:: Work to complete ::
Quote these lines exactly: the one that holds "The ornate interior" and every line after it to the end of the material below. Skip pictures.

:: Data provided ::
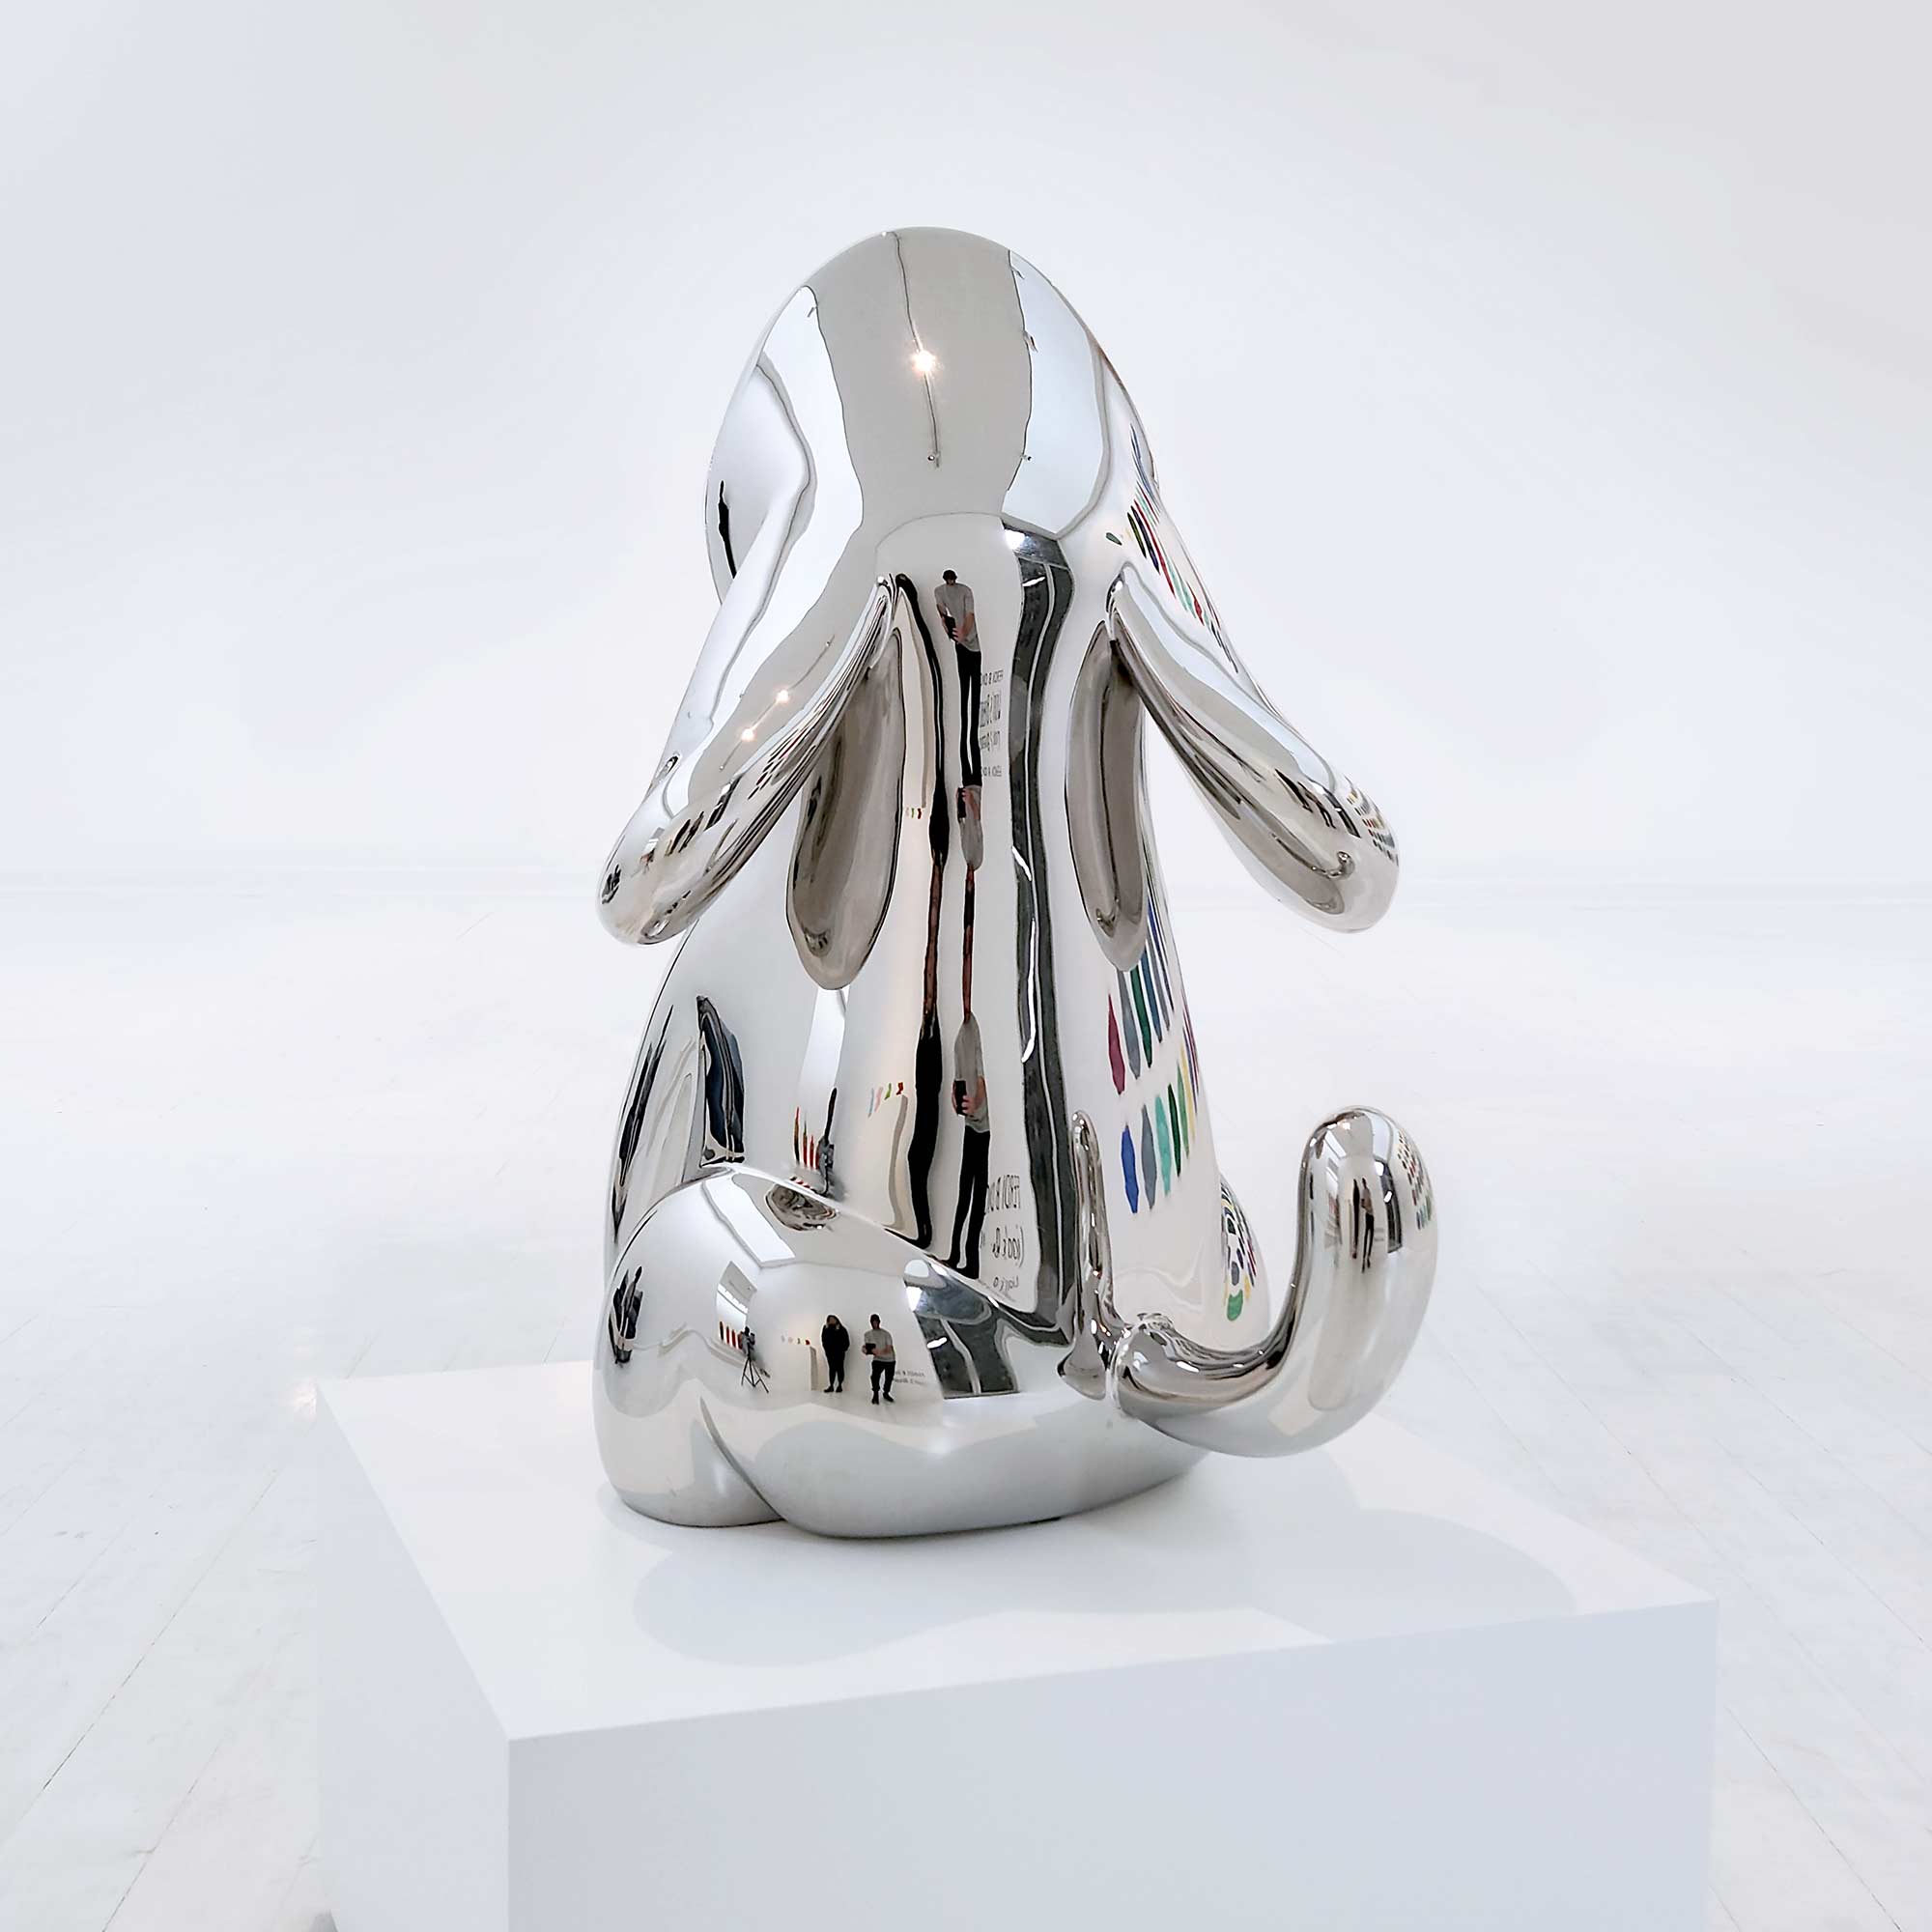 Dog Roar, Polished Stainless steel sculpture, 80 cm high by Ferdi B Dick, back view
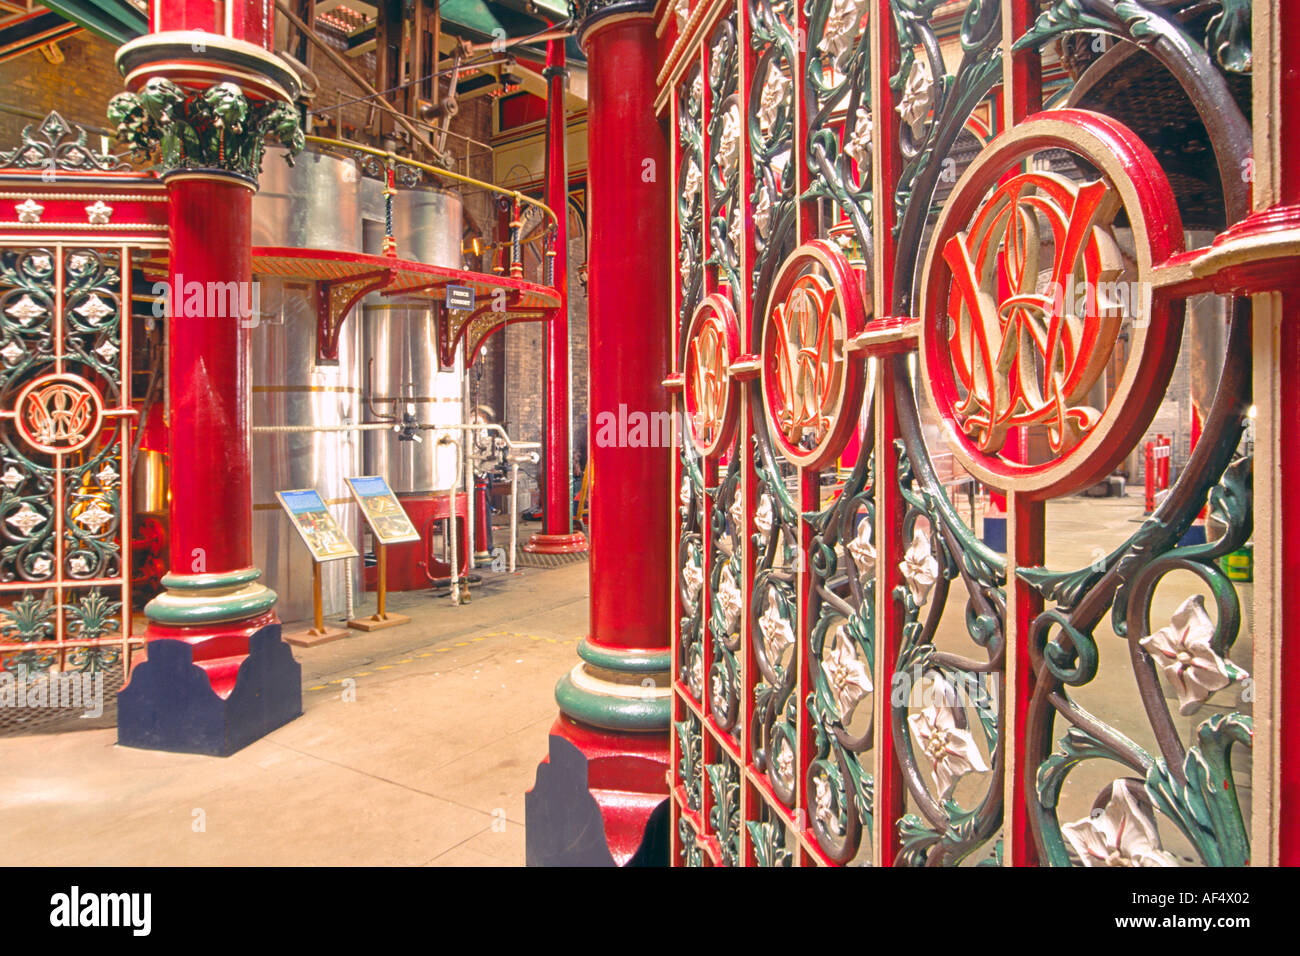 The ornate interior of the Victorian-era Crossness Pumping station in east London. It has been recently restored. Stock Photo
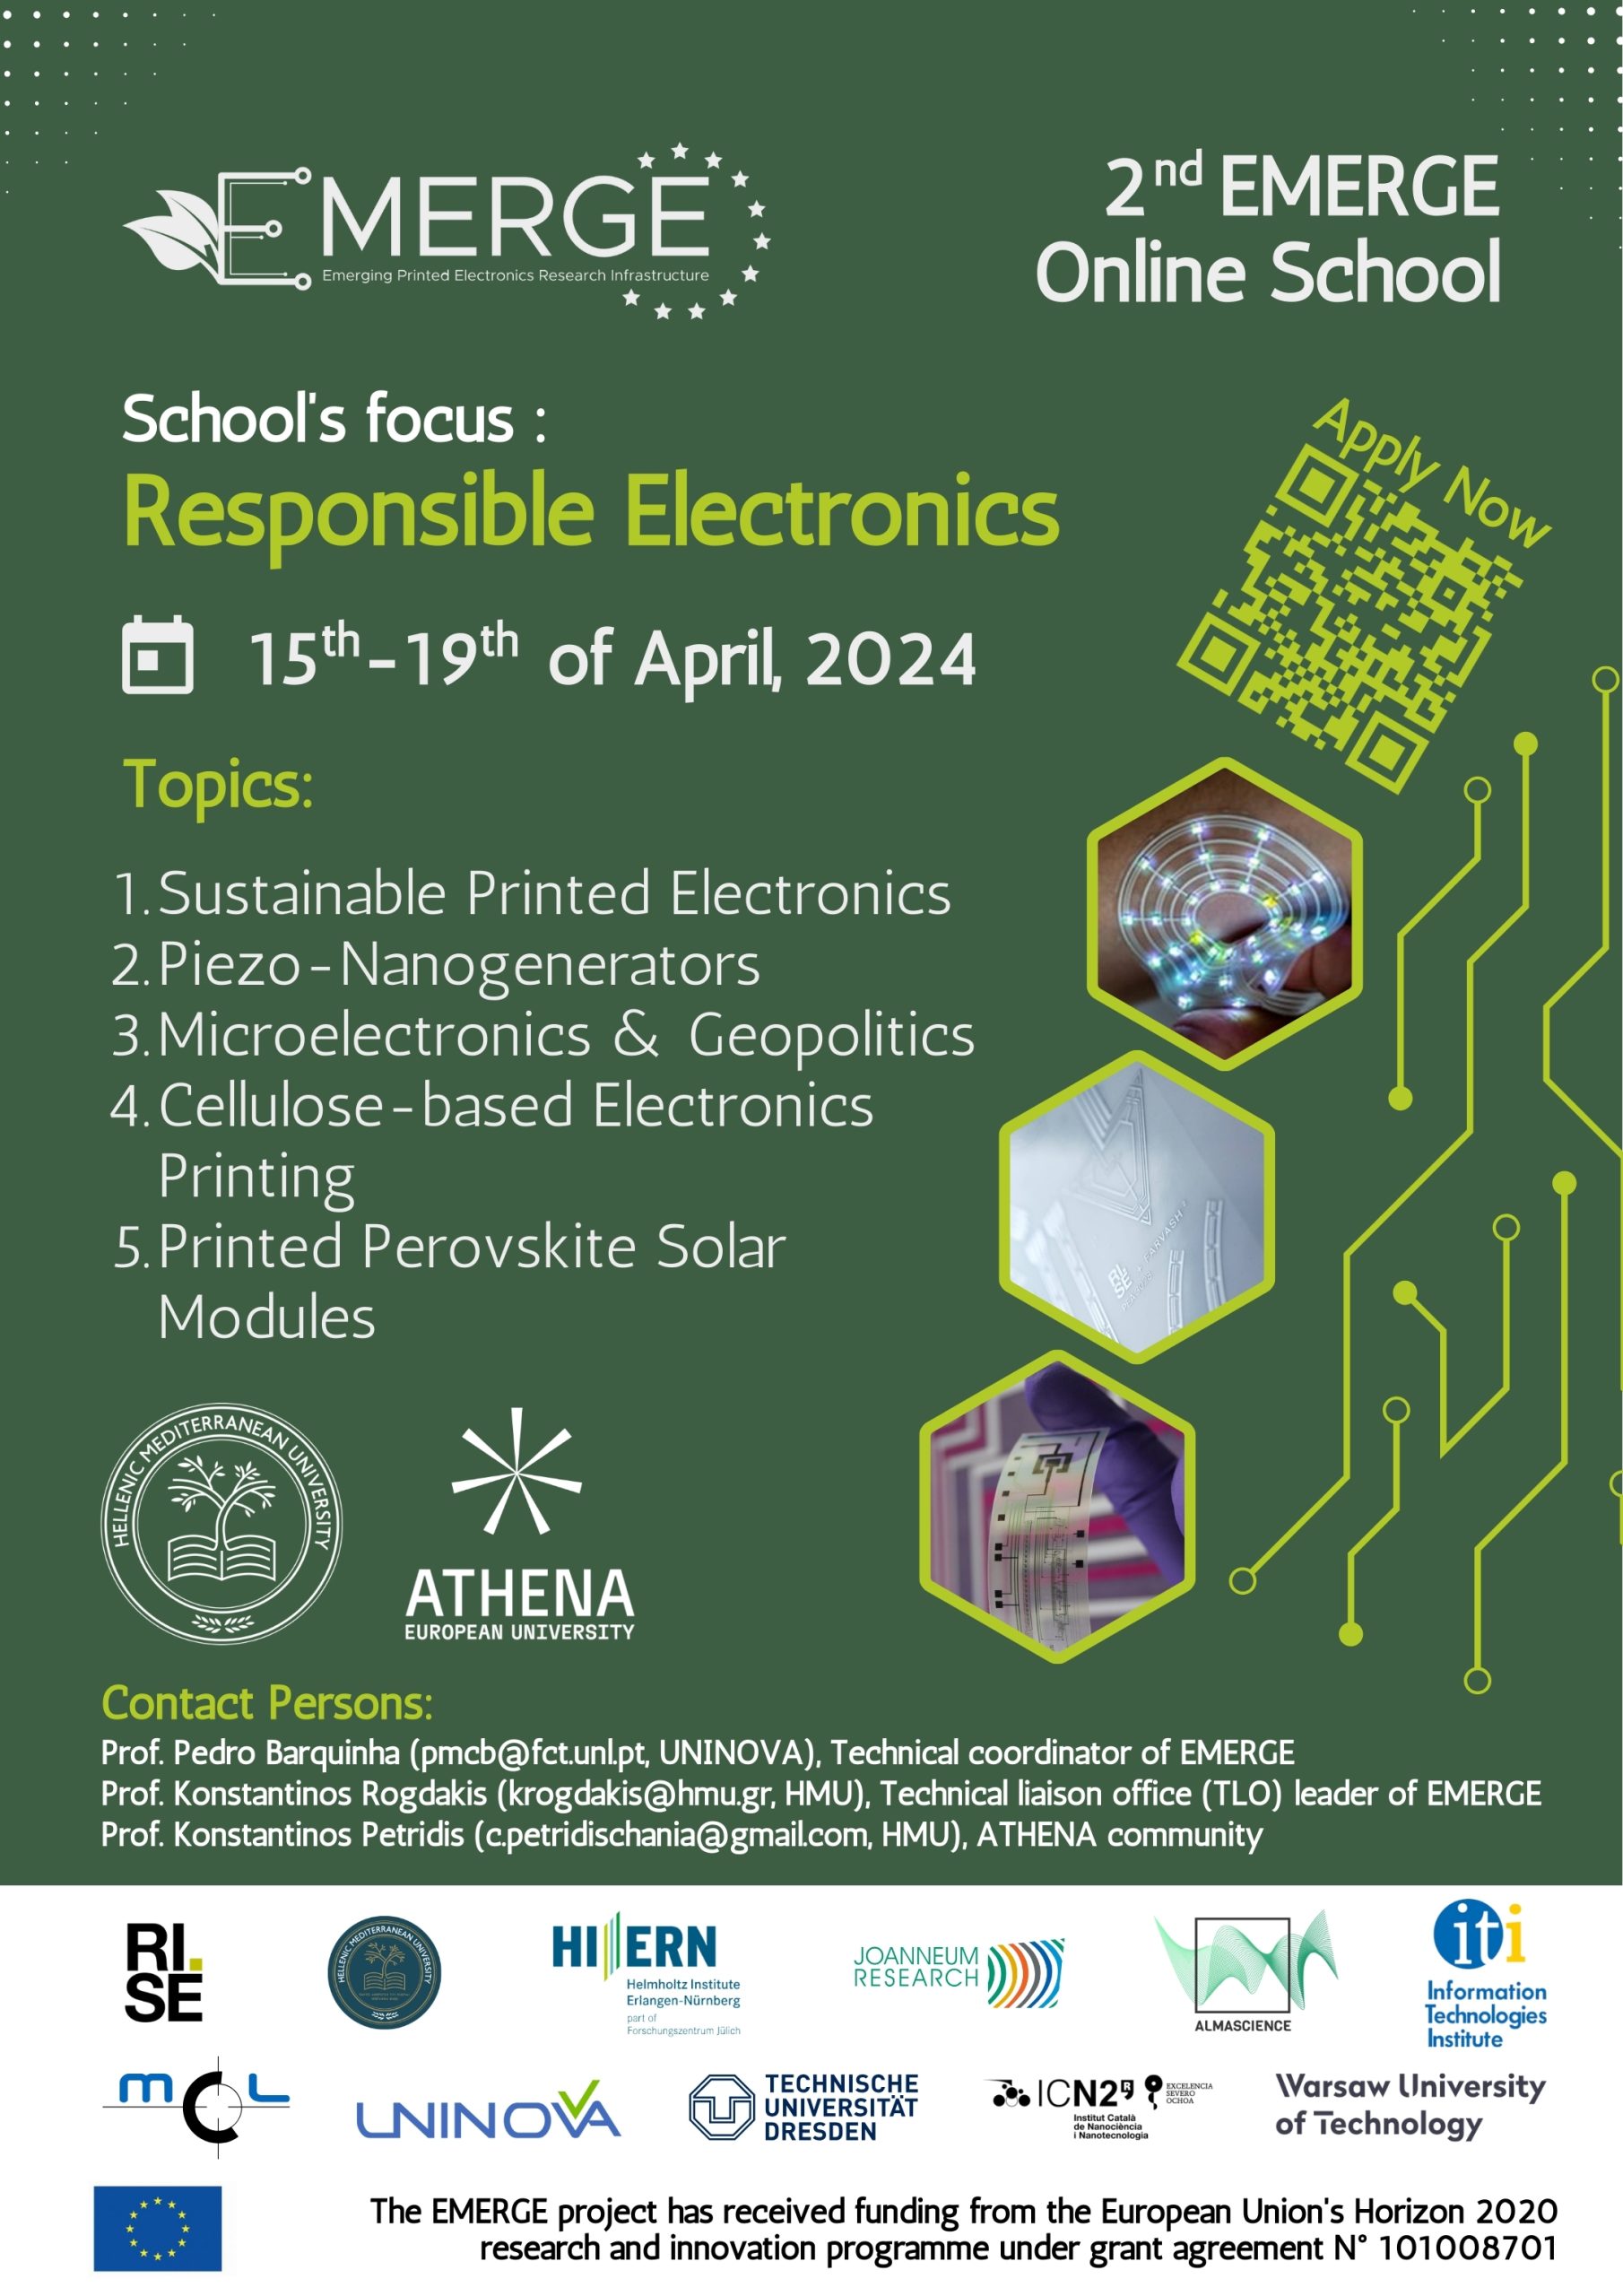 Second EMERGE project online school on responsible electronics

:: Answer space ::
 The ornate interior of the Victorian-era Crossness Pumping station in east London. It has been recently restored. Stock Photo
 Second EMERGE project online school on responsible electronics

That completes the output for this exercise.